The pictures get dropped, while every remaining part of the listing is copied exactly.

GIVEN INFORMATION →
<<<<

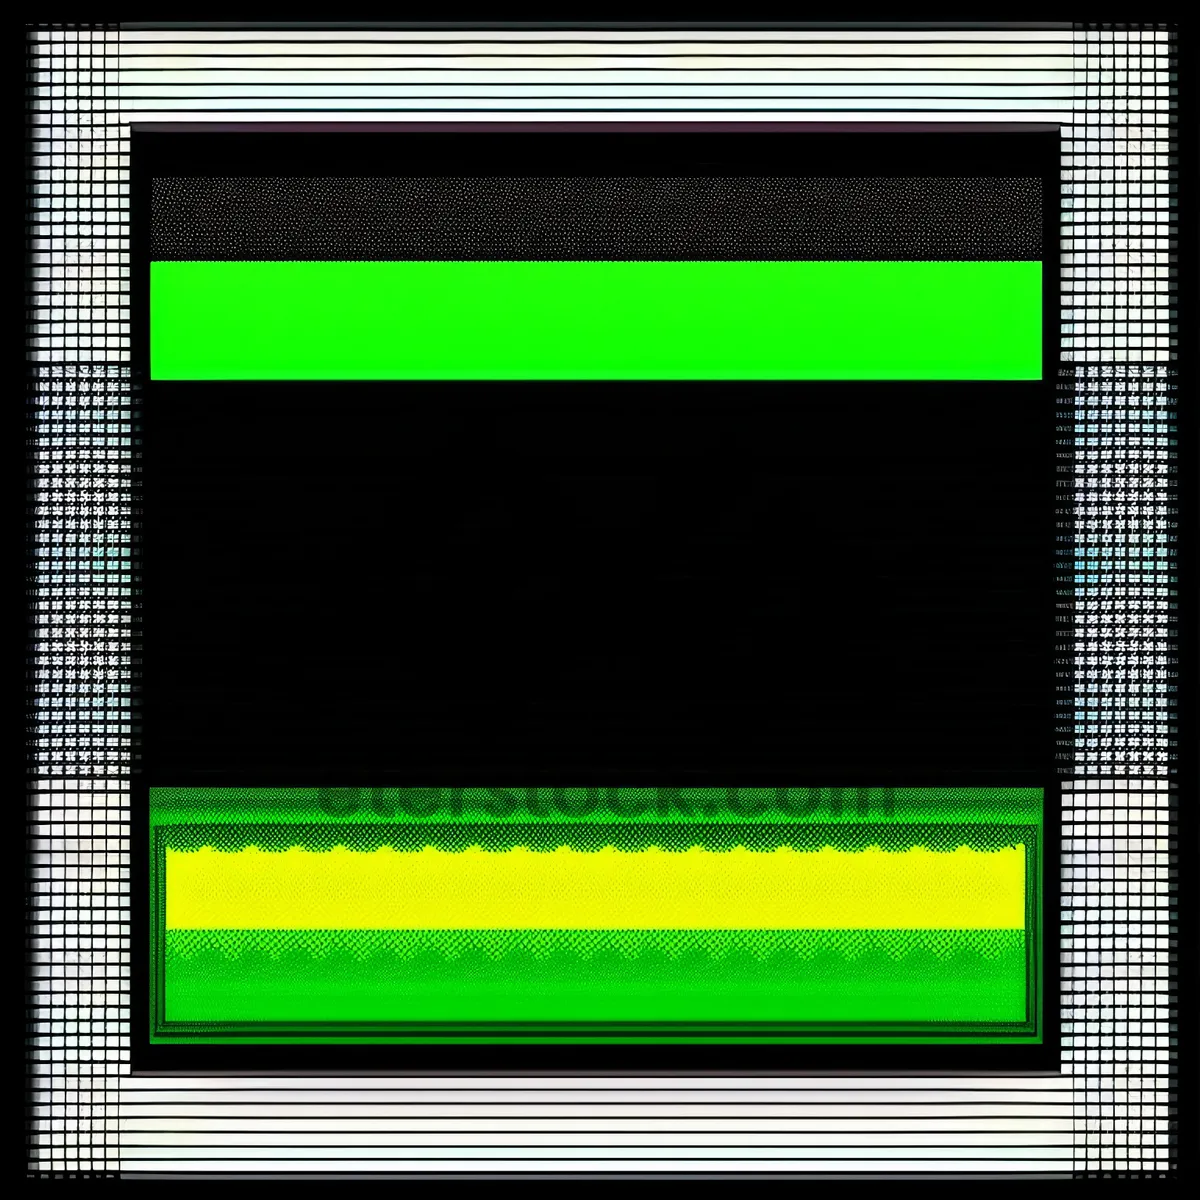 Picture of Modern Digital LCD Texture with Grid Design
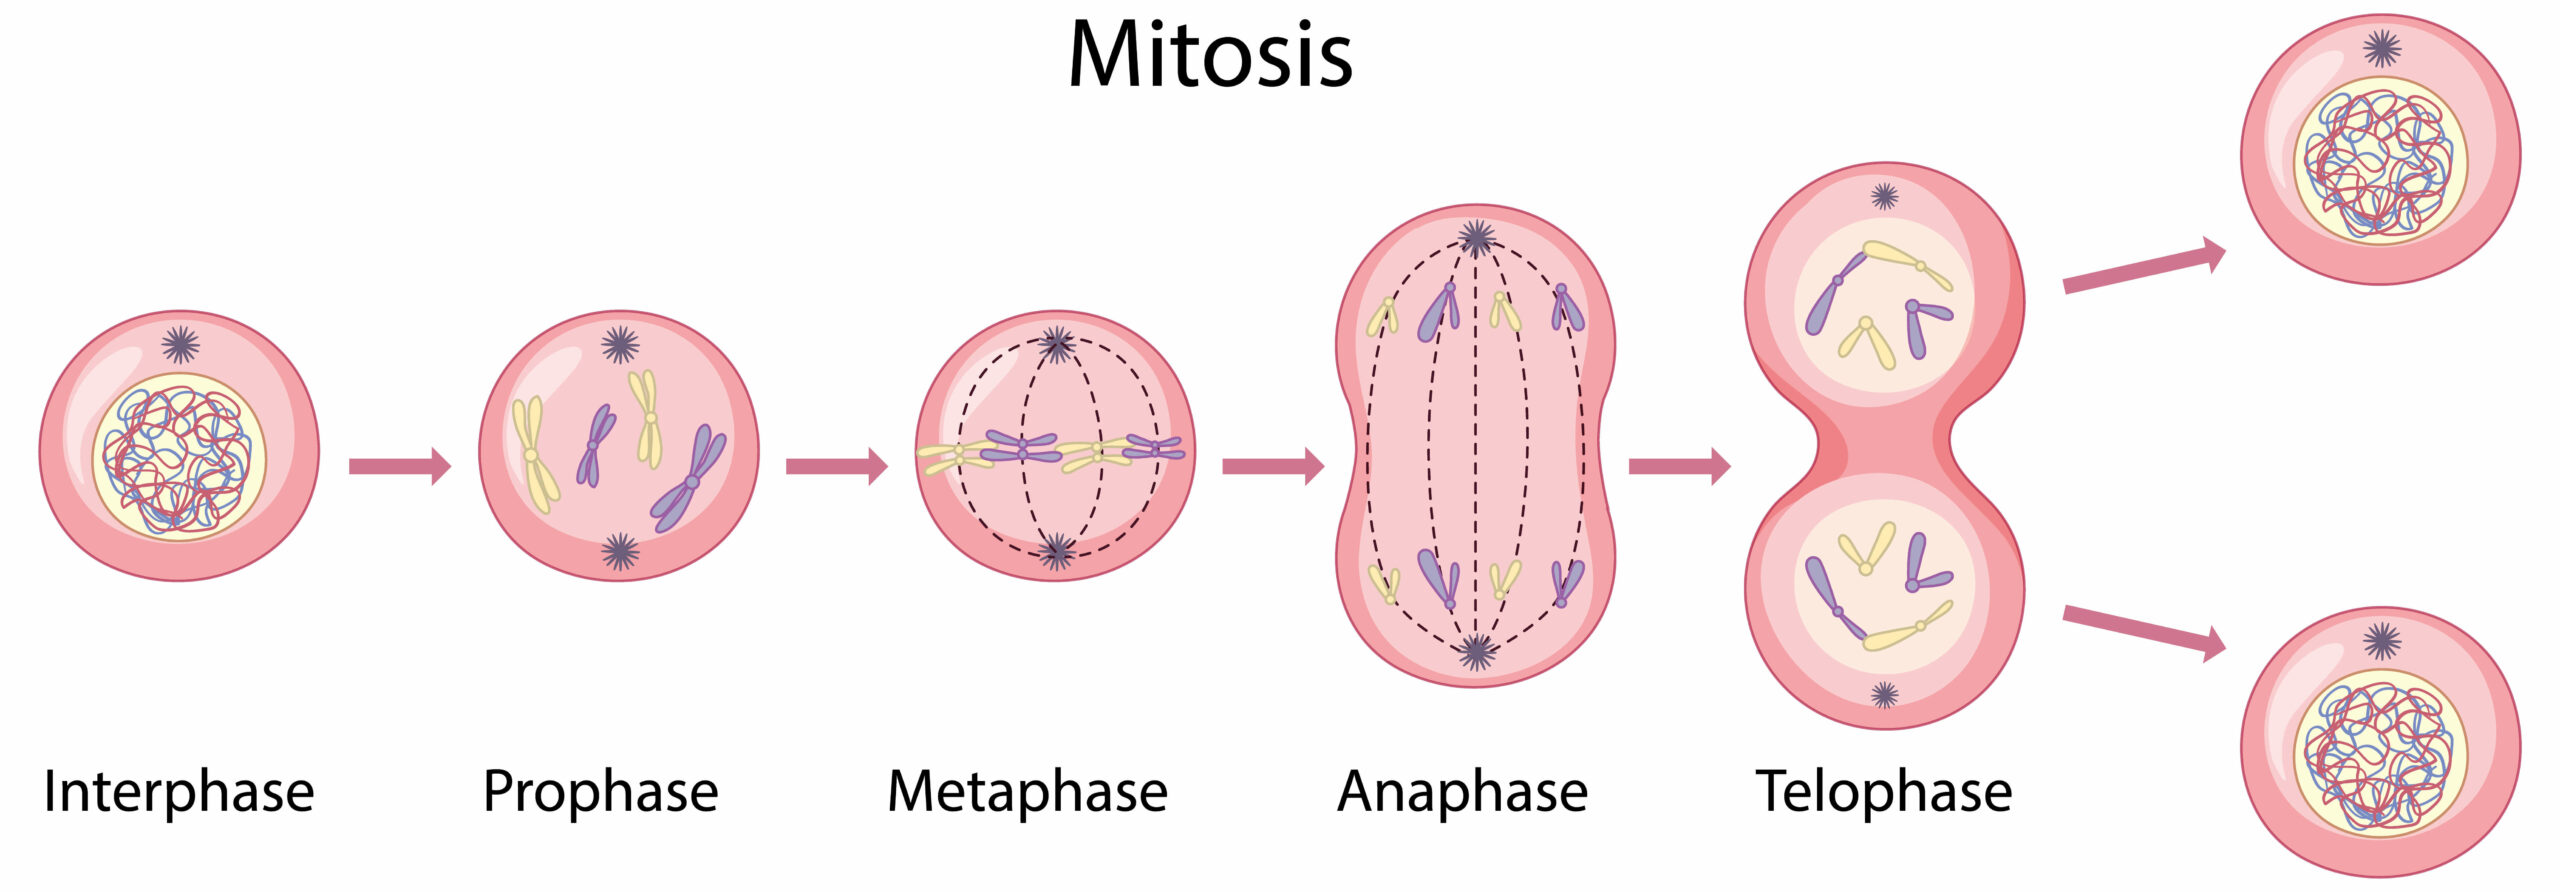 A picture of mitosis
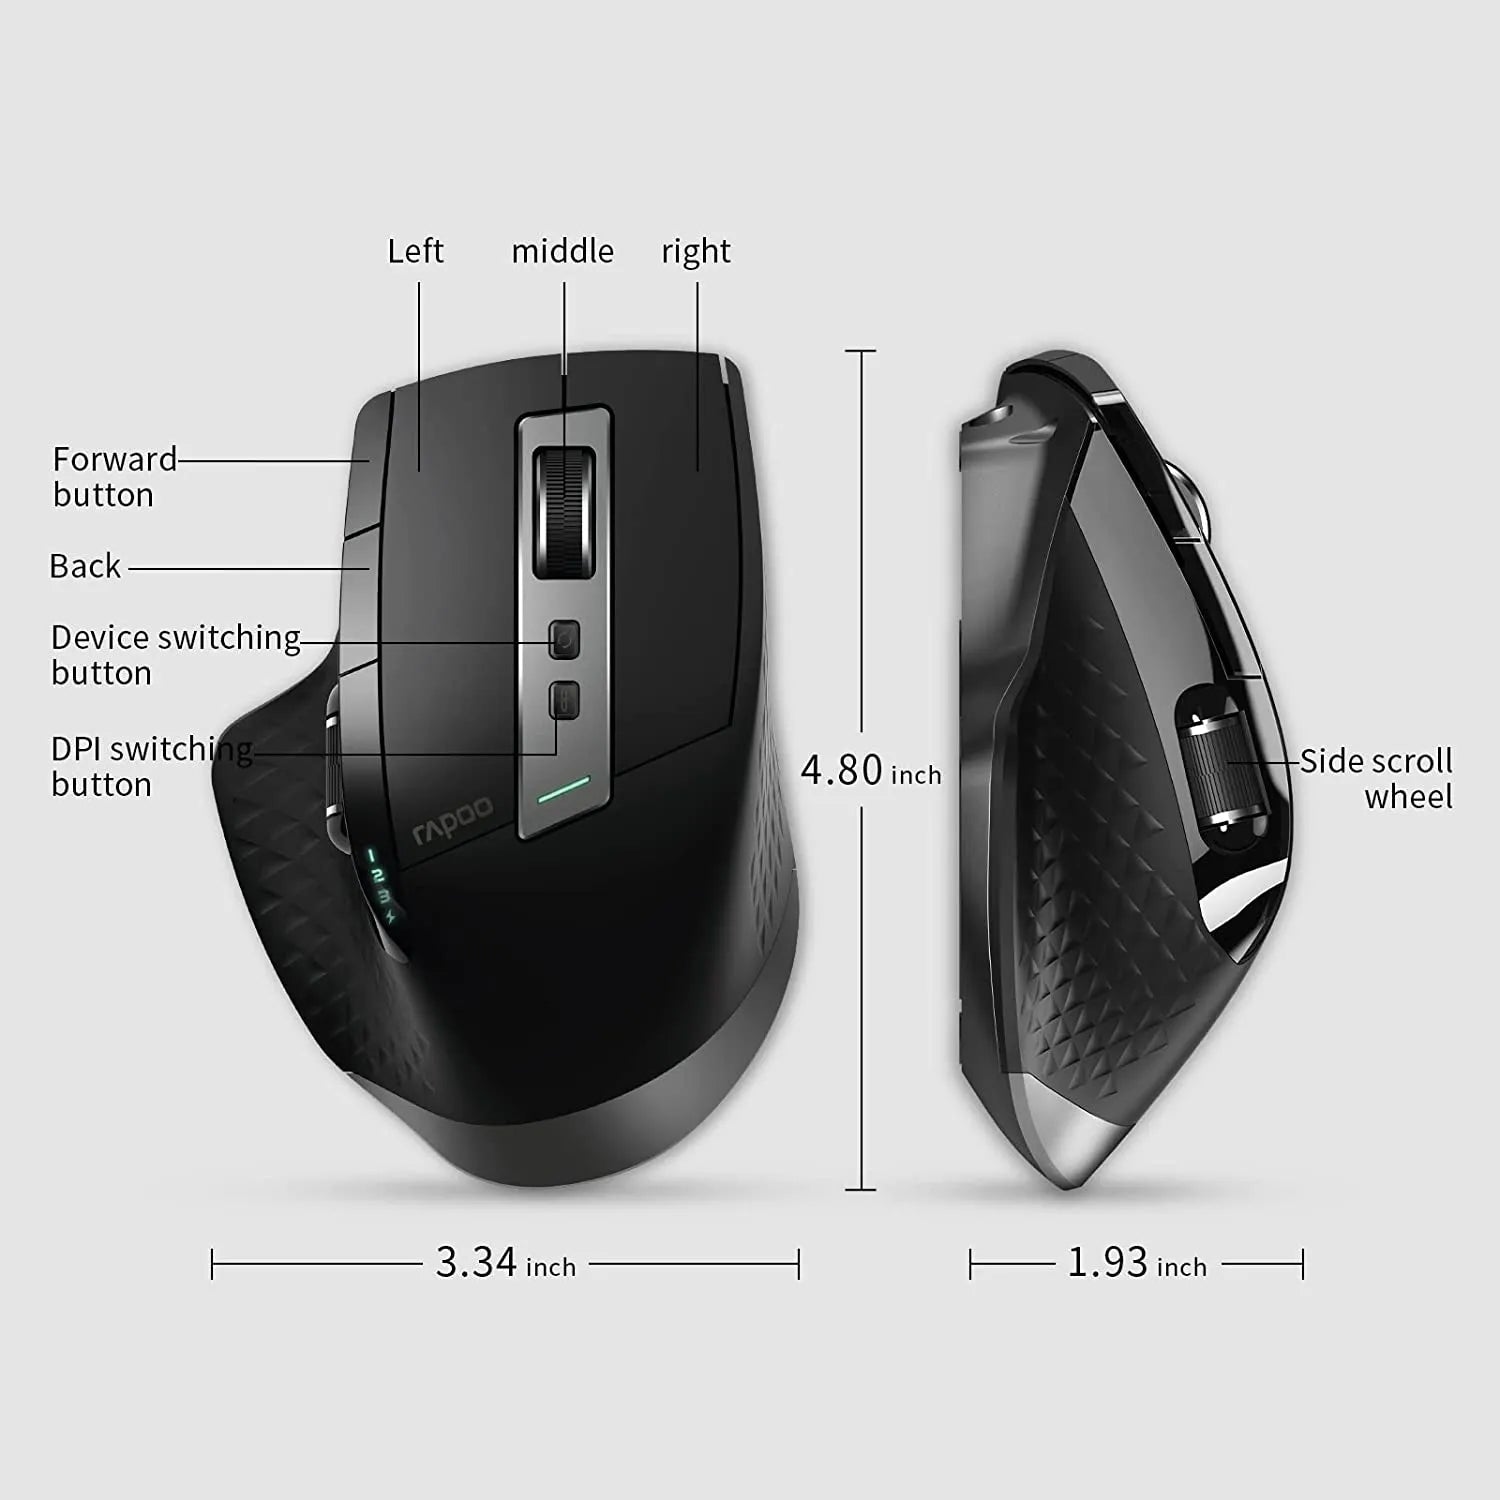 Mouse wireless ricaricabile a LED con ricevitore USB, mouse

>>>>

EXPECTED ANSWER →
 Picture of Modern Digital LCD Texture with Grid Design
 A picture of mitosis
 Mouse wireless ricaricabile a LED con ricevitore USB, mouse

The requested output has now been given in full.